> **Directions**: Give back each entry verbatim.

> **Information supplied**:
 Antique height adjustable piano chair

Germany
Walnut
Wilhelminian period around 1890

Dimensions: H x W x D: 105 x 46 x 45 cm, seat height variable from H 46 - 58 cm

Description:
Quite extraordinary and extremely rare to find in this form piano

> **Result of this task**:
 Antique height adjustable piano chair

Germany
Walnut
Wilhelminian period around 1890

Dimensions: H x W x D: 105 x 46 x 45 cm, seat height variable from H 46 - 58 cm

Description:
Quite extraordinary and extremely rare to find in this form piano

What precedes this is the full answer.